Kata dia, pemerintah pusat dan daerah juga harus berkolaborasi untuk menjaga ketersediaan dan pemerataan pangan, termasuk juga mengantisipasi terjadinya penyelewengan pangan.

"Pangan ini harus dibikin sedemikian rupa ketersediaannya karena prediksi krisis pangan akan terjadi. Pemerintah sekarang harus fokus pada kementerian-kementerian yang langsung berurusan dengan pangan. Kita kan sebenarnya banyak lembaga yang mengurusi pangan, ada Bulog, Badan Pangan, Kementan, dan kementerian lain. Itu harus kolaborasi, koordinasi. Jangan ego sektoral lagi," ungkapnya.

Tak hanya itu, Trubus menyarankan agar faktor distribusi diperhatikan.

Menurut dia, pemerintah telah mempunyai dukungan infrastruktur yang harusnya bisa dimanfaatkan untuk memperlancar distribusi pangan.

"Kan kita sudah punya daya dukungan infrastruktur, jalan tol, pelabuhan, sudah dibikin semuanya. Jangan ada daerah yang kurang atau berlebih, pemerintah diam saja. Ini kan kepercayaan publiknya jadi bingung," katanya.

Selain itu, kata Trubus, pemerintah juga harus fokus pada konsumsi rumah tangga dengan menjaga daya beli masyarakat dan keteraksesan komoditas pangan.

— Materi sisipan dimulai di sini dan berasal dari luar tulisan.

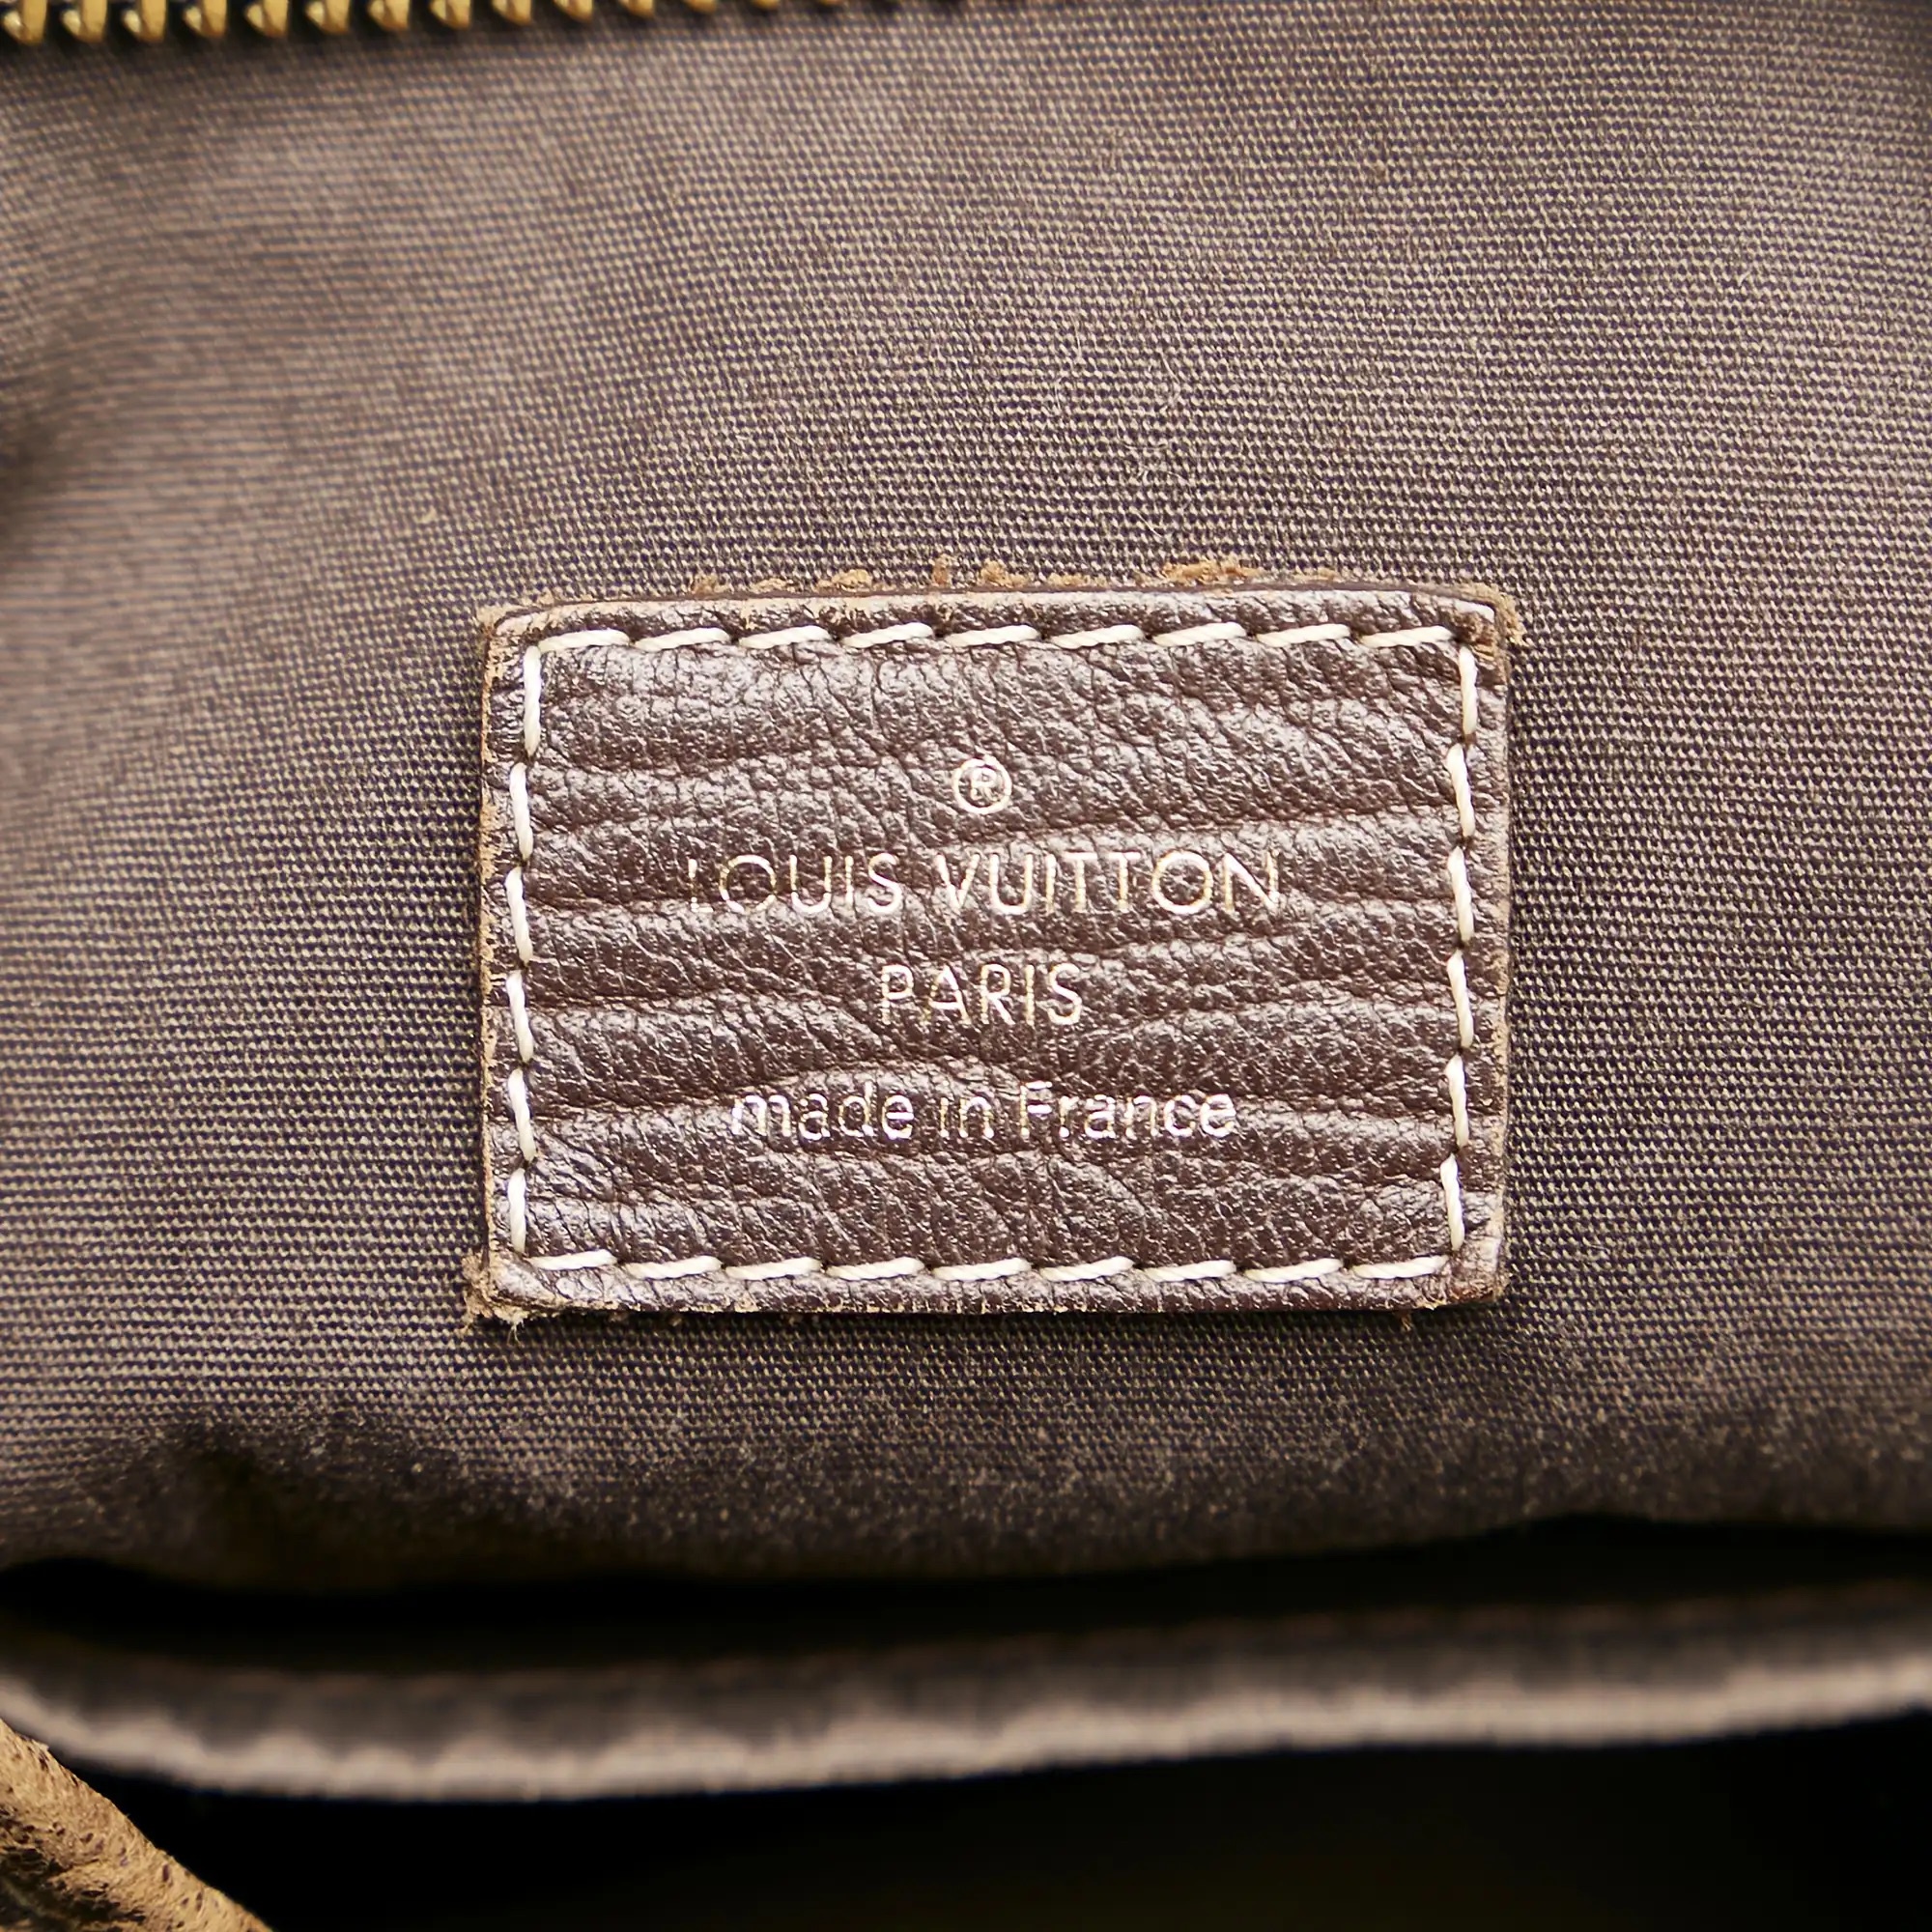 15 cách phân biệt túi Louis Vuitton chính hãng THẬT chuẩn nhất

"Dalam hal ini pemerintah harus mendorong pemerataan masyarakat bawah pada konsumsi rumah tangga. Jadi tersedia barangnya dan terjangkau harganya," jelasnya.

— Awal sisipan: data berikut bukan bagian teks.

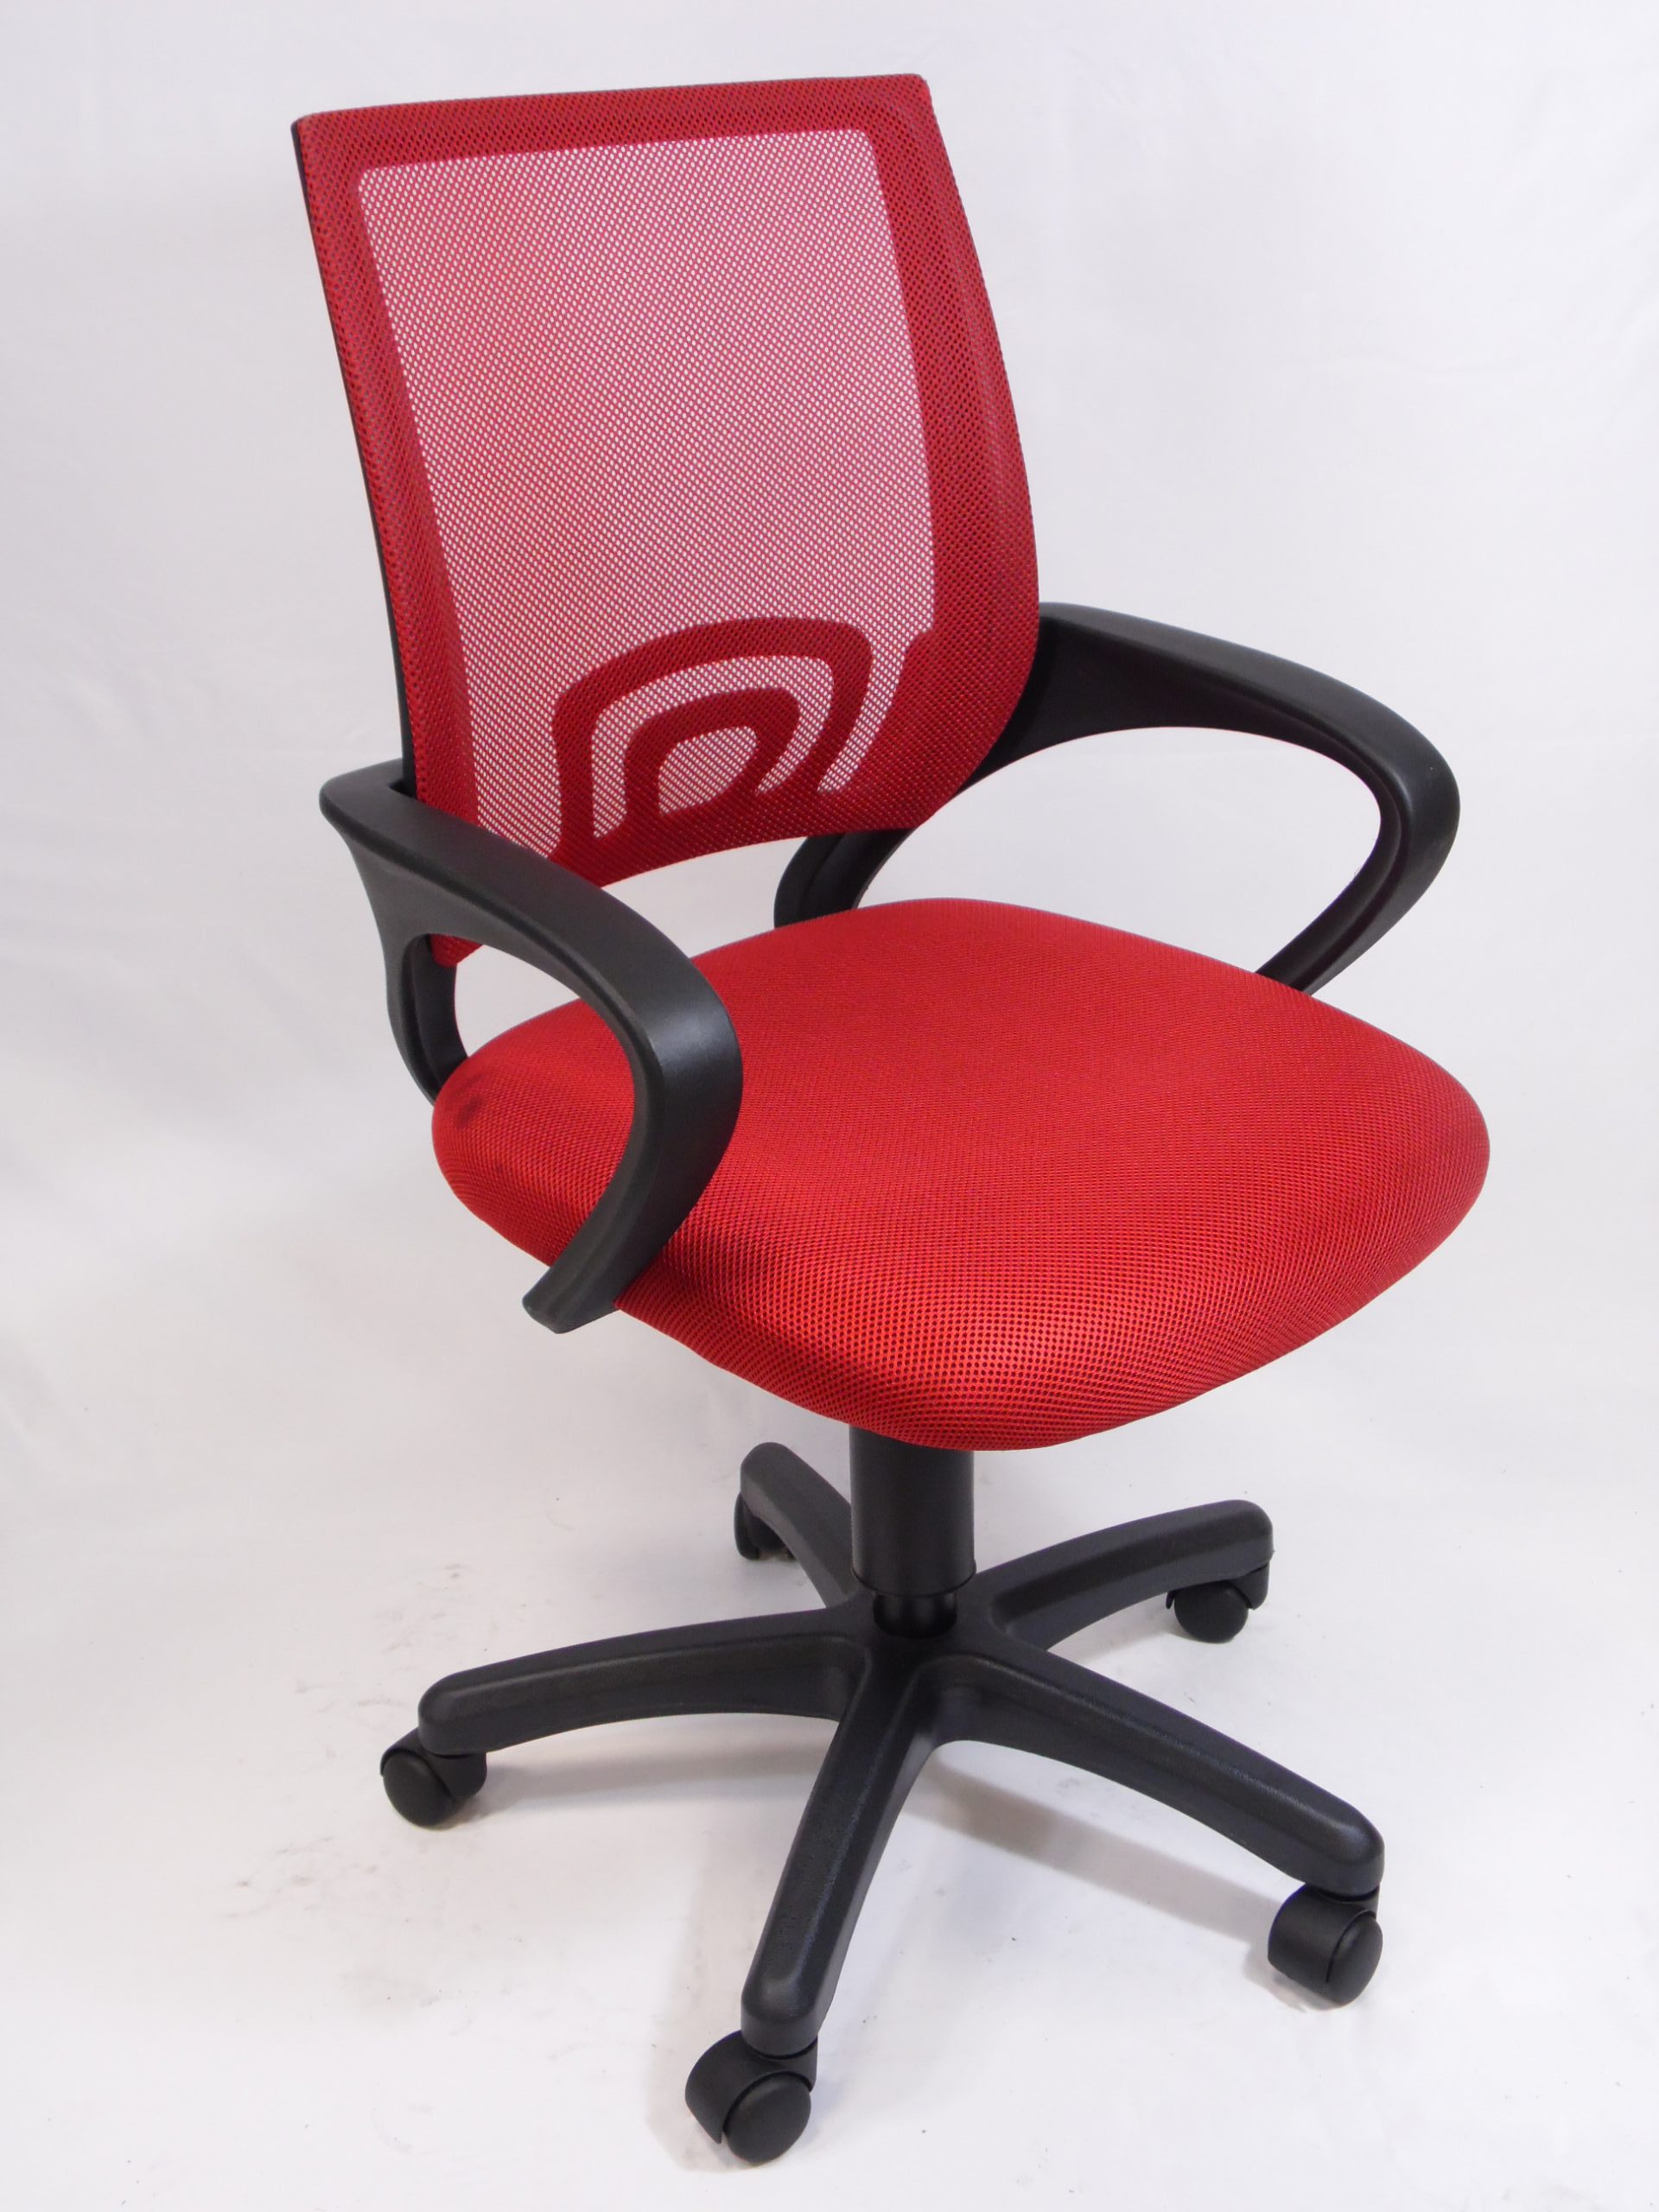 sedia per pc Dimensioni: h 99 cm x 60cm , h sedile 54cm x d sedile 57 cm; Materiale: plastica e tessuto color rosso

Trubus khawatir dengan kemiskinan ekstrem yang menunjukkan tren gejala meningkat.

Kemiskinan ekstrem bisa memicu ketidakpercayaan publik kepada pemerintah.

"Kemiskinan ekstrem ini akan menjadi momok bagi terjadinya publik distrust. Jadi saya khawatir itu," pungkasnya.

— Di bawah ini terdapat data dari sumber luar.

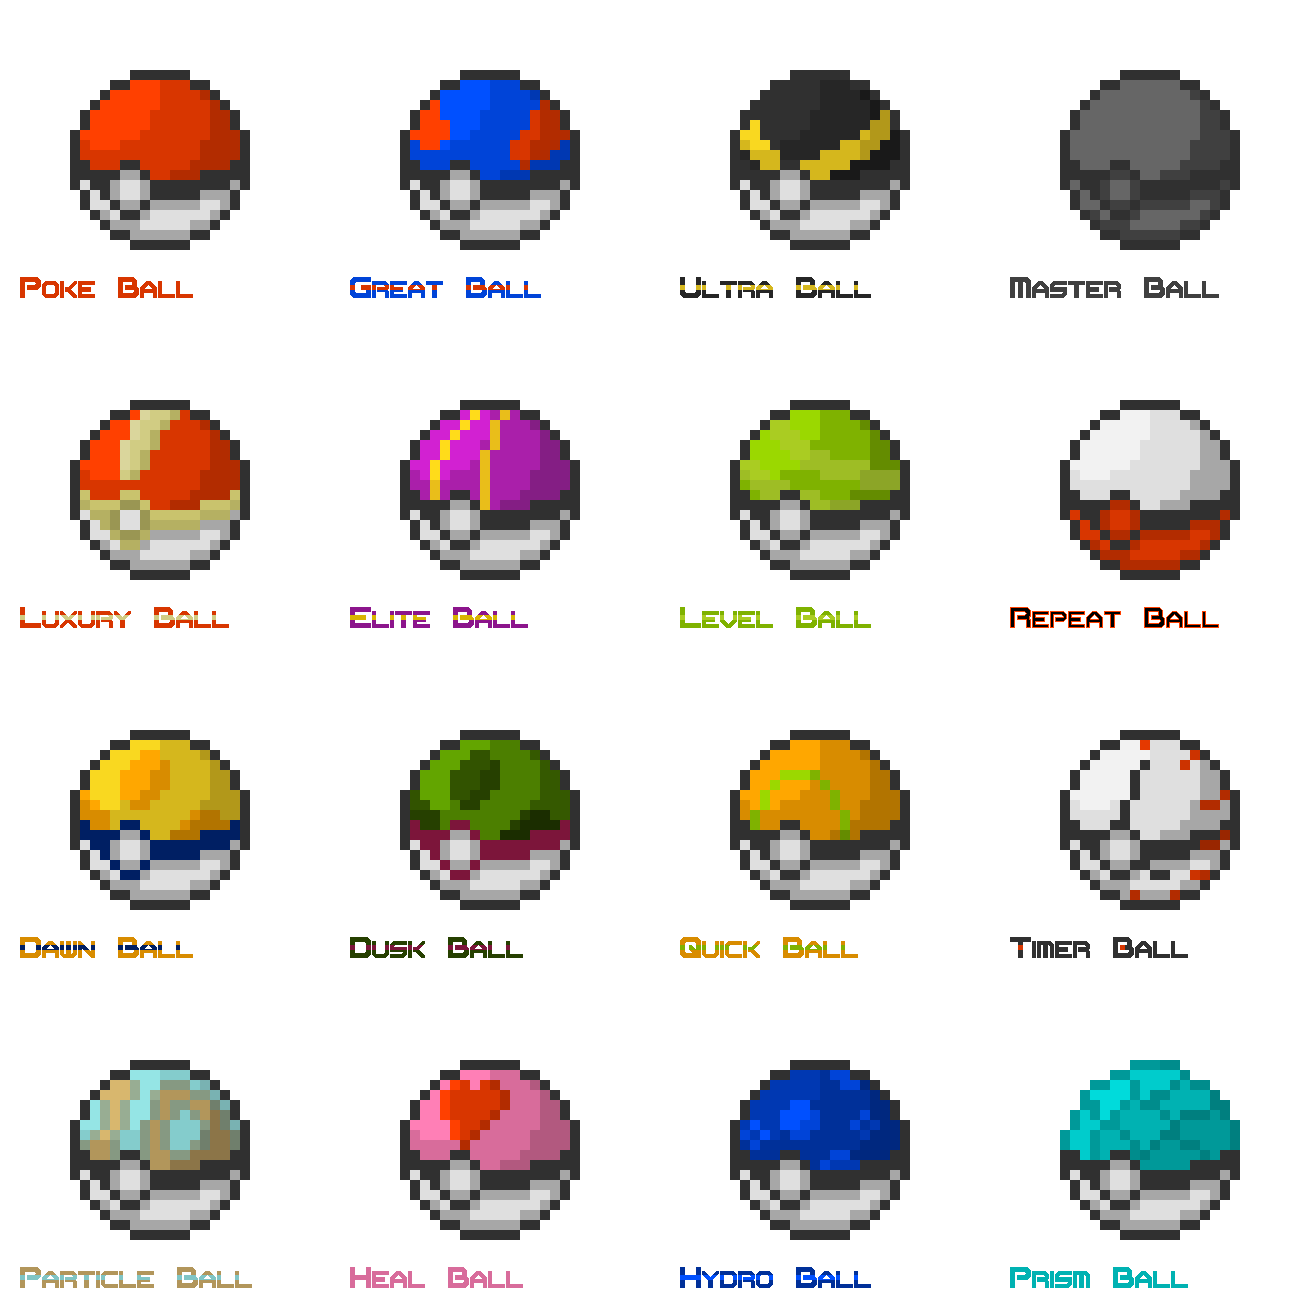 8-bit Pokémon Pixel Art Poké Ball PNG  Pixel art, Cool pixel art, Pixel  pattern

Sementara itu, pengamat politik Ujang Komarudin menilai, tingkat kepercayaan terhadap pemerintah yang mengalami penurunan dianggap wajar akibat dampak kenaikan harga bahan bakar minyak (BBM) bersubsidi.

"Jadi kalau kepuasan masyarakat, responden terhadap pemerintahan Jokowi mengalami penurunan, faktanya memang begitu. Misalnya kenaikan BBM itu bisa menurunkan tingkat kepuasan masyarakat terhadap pemerintahan Jokowi-Ma'ruf," kata Ujang.

Dalam menyikapi kenaikan harga BBM, kata Ujang, pemerintah memberikan sejumlah bantuan sosial (bansos) kepada masyarakat.

Menurut Ujang, pemberian bansos memberi pengaruh di masyarakat.

"Ketika menaikkan BBM dibarengi kompensasi pemberian bantuan bagi masyarakat, agar tidak marah, tenang, dan tetap percaya pada pemerintah. Dengan begitu masyarakat netral, ada yang percaya karena dia dibantu," kata dia.